But for the loss of Gibraltar, the position of Spain would have been
closely analogous to that of England. Looking at once upon the
Atlantic and the Mediterranean, with Cadiz on the one side and
Cartagena on the other, the trade to the Levant must have passed
under her hands, and that round the Cape of Good Hope not far from
her doors. But Gibraltar not only deprived her of the control of the
Straits, it also imposed an obstacle to the easy junction of the two
divisions of her fleet.
At the present day, looking only at the geographical position of
Italy, and not at the other conditions affecting her sea power, it
would seem that with her extensive sea-coast and good ports she is
very well placed for exerting a decisive influence on the trade route to
the Levant and by the Isthmus of Suez. This is true in a degree, and
would be much more so did Italy now hold all the islands naturally
Italian; but with Malta in the hands of England, and Corsica in those
of France, the advantages of her geographical position are largely
neutralized. From race affinities and situation those two islands are
as legitimately objects of desire to Italy as Gibraltar is to Spain. If the
Adriatic were a great highway of commerce, Italy’s position would be
still more influential. These defects in her geographical
completeness, combined with other causes injurious to a full and
secure development of sea power, make it more than doubtful
whether Italy can for some time be in the front rank among the sea
nations.
As the aim here is not an exhaustive discussion, but merely an
attempt to show, by illustration, how vitally the situation of a country
may affect its career upon the sea, this division of the subject may be
dismissed for the present; the more so as instances which will further
bring out its importance will continually recur in the historical
treatment. Two remarks, however, are here appropriate.
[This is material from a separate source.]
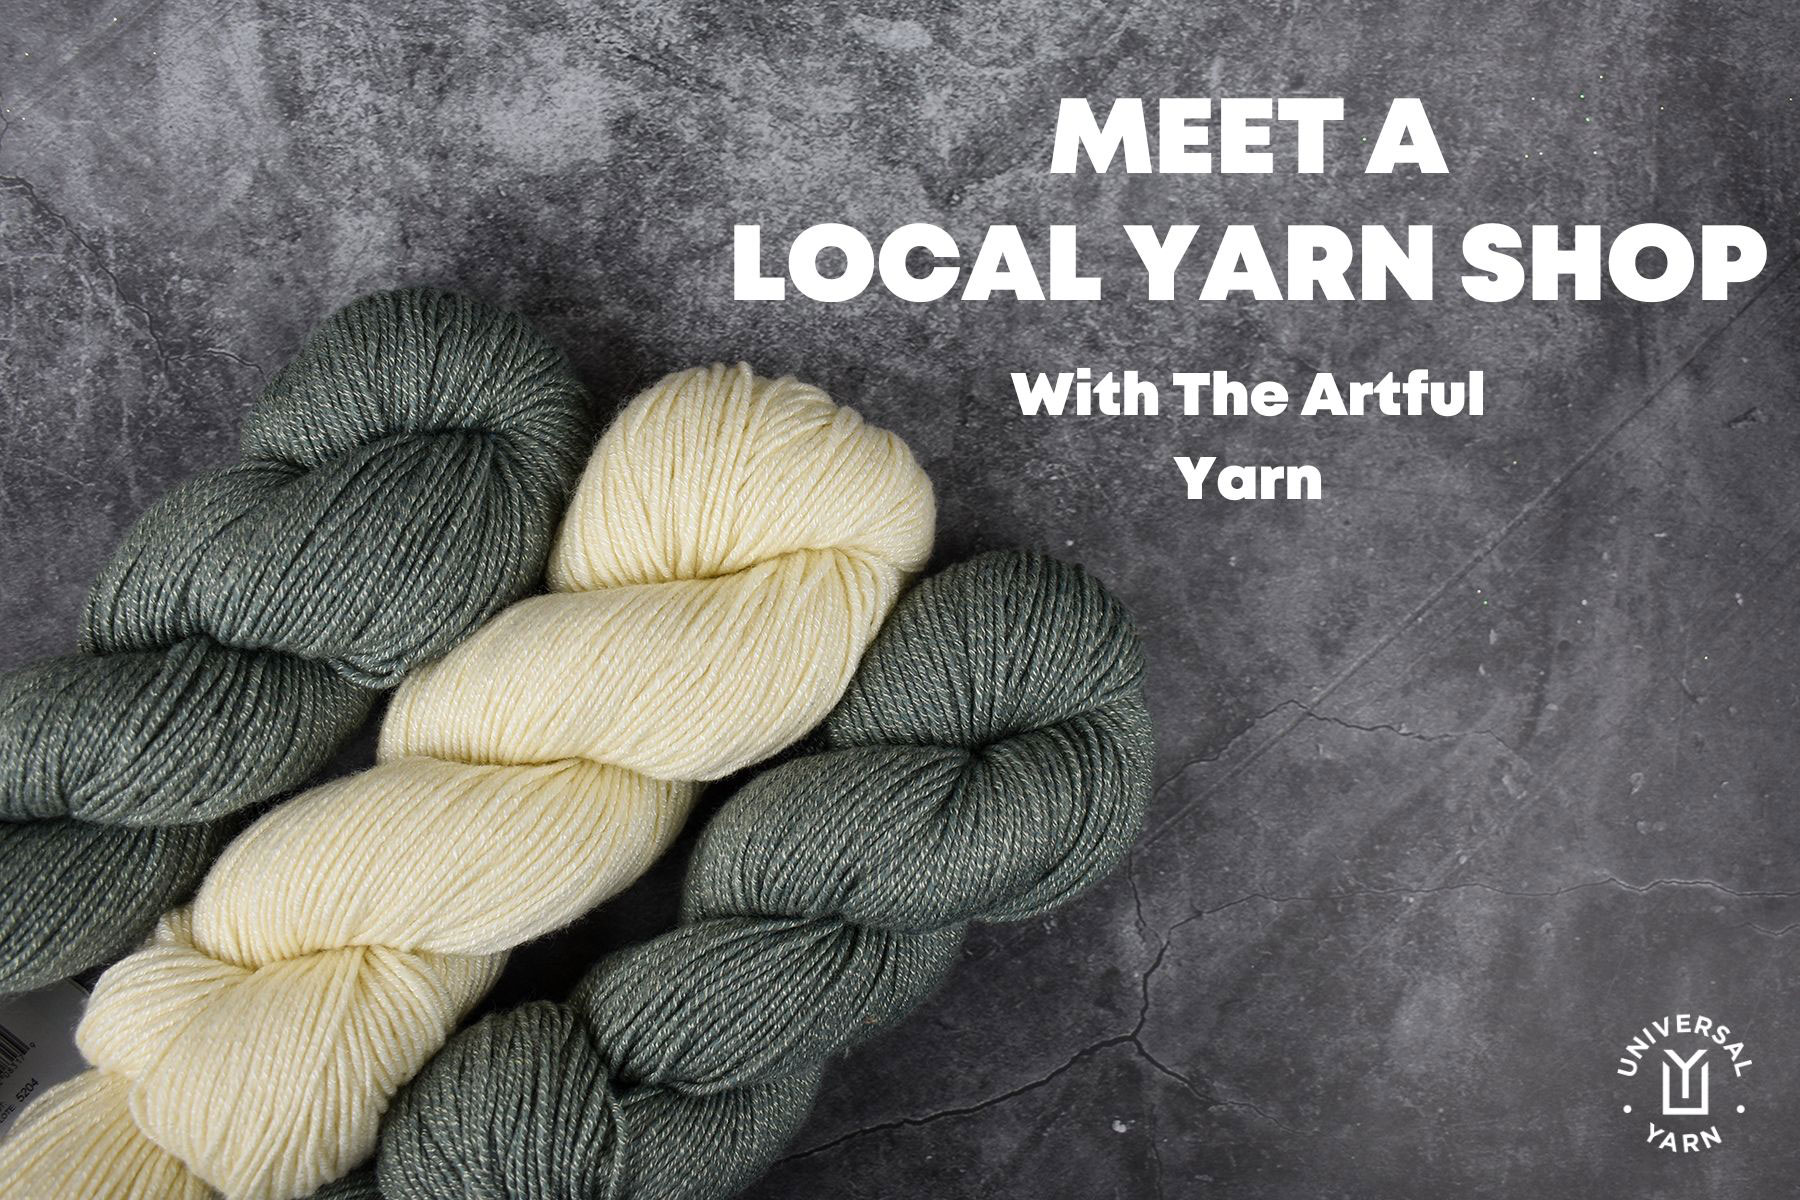 Meet a Local Yarn Shop with The Artful Yarn

Circumstances have caused the Mediterranean Sea to play a
greater part in the history of the world, both in a commercial and a
military point of view, than any other sheet of water of the same size.
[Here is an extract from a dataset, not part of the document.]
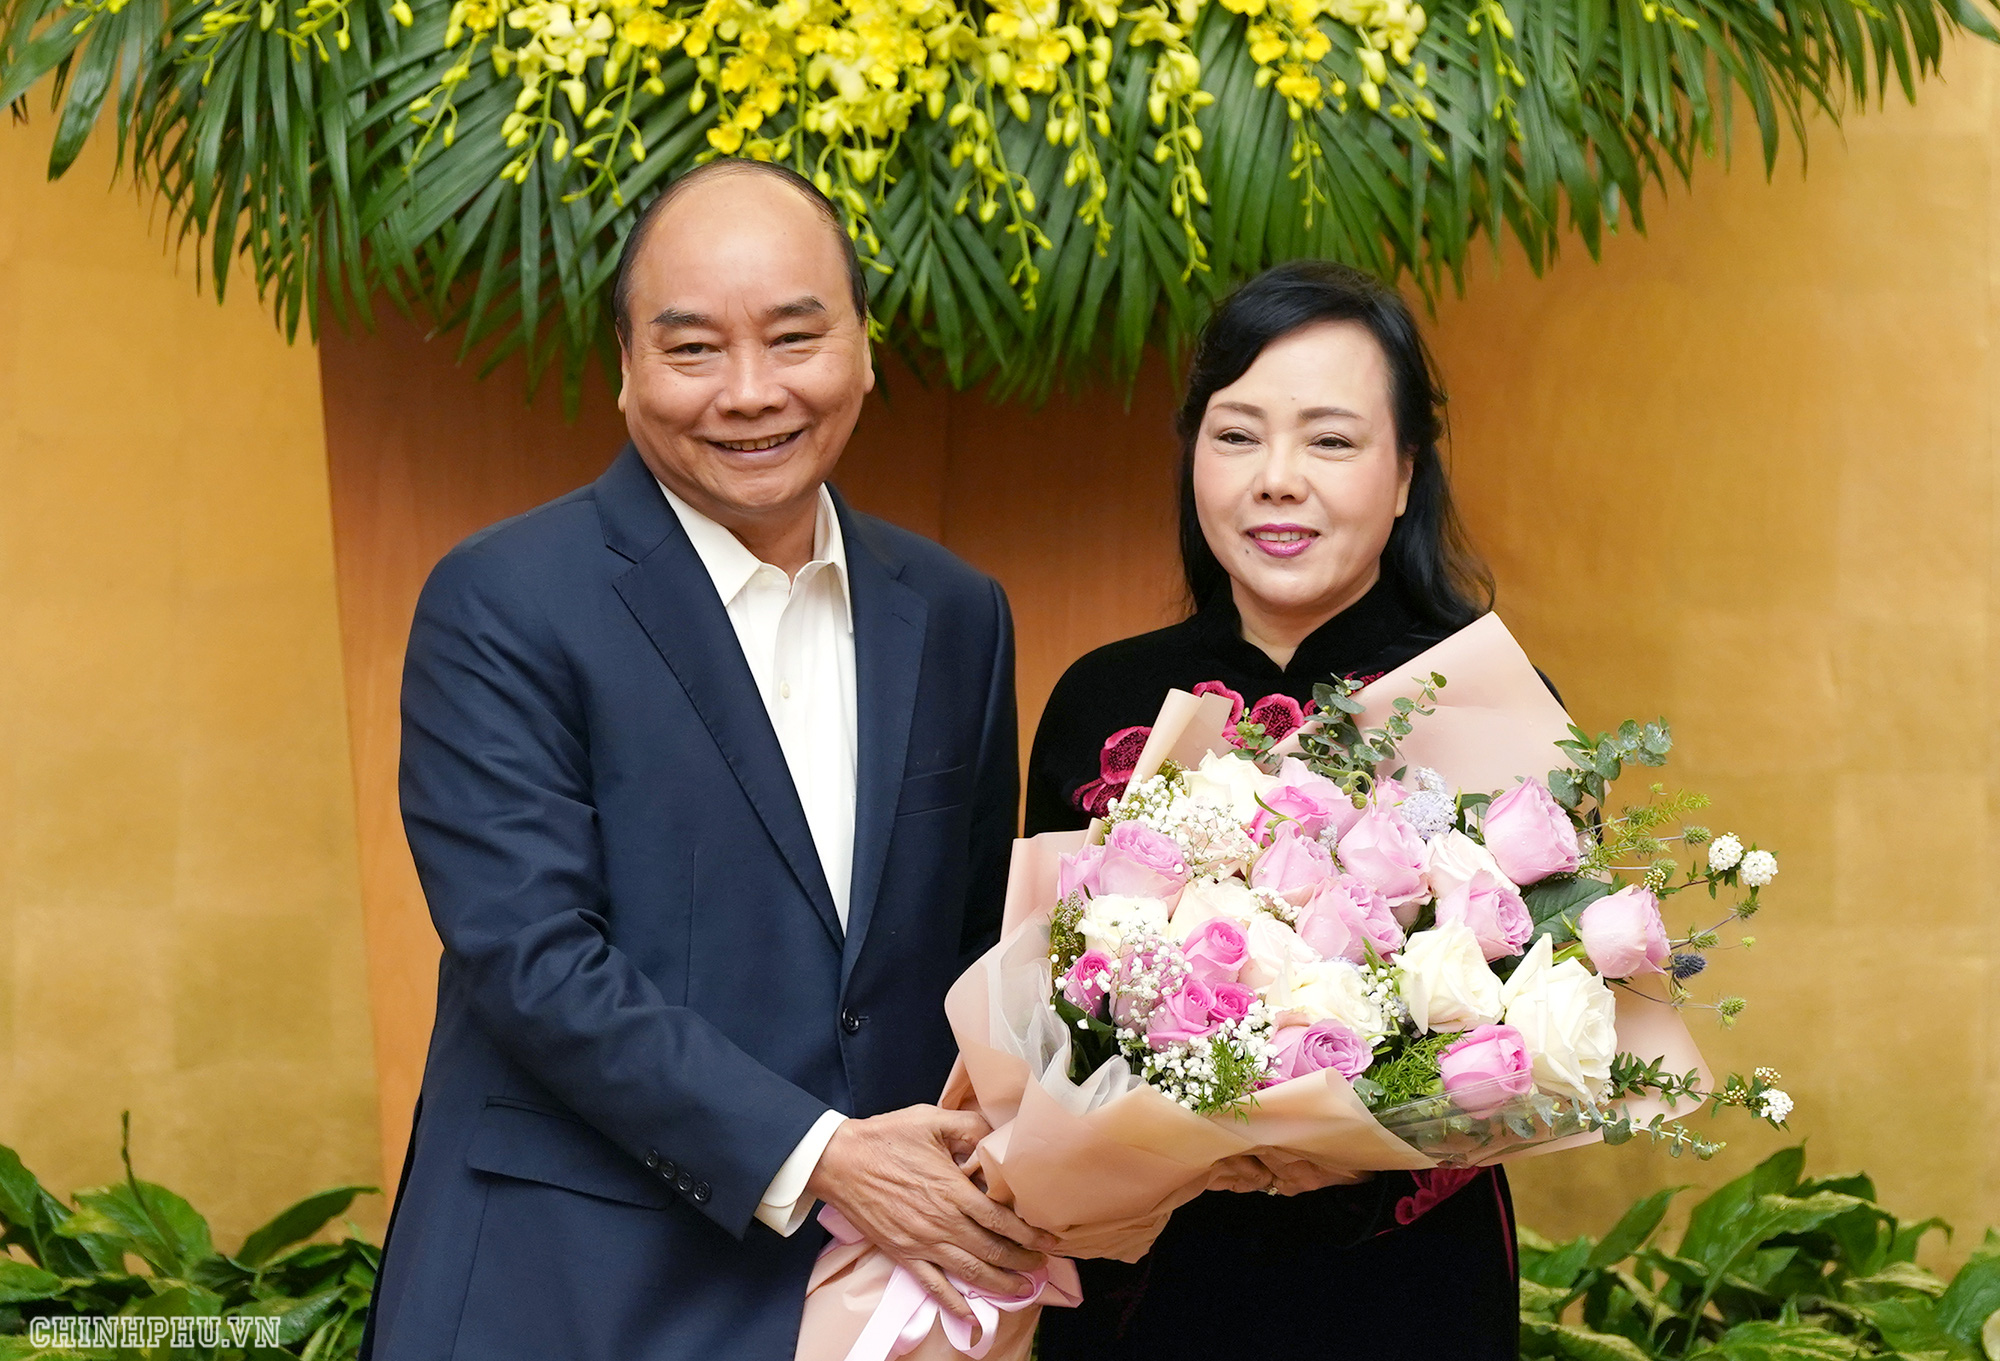 Bà Nguyễn Thị Kim Tiến tham dự buổi họp Chính phủ: &quot;Hôm nay là ngày đáng nhớ trong cuộc đời&quot; - Ảnh 1.

Nation after nation has striven to control it, and the strife still goes
on. Therefore a study of the conditions upon which preponderance in
its waters has rested, and now rests, and of the relative military
values of different points upon its coasts, will be more instructive
than the same amount of effort expended in another field.
Furthermore, it has at the present time a very marked analogy in
many respects to the Caribbean Sea,—an analogy which will be still
closer if a Panama canal route ever be completed. A study of the
strategic conditions of the Mediterranean, which have received
ample illustration, will be an excellent prelude to a similar study of
the Caribbean, which has comparatively little history.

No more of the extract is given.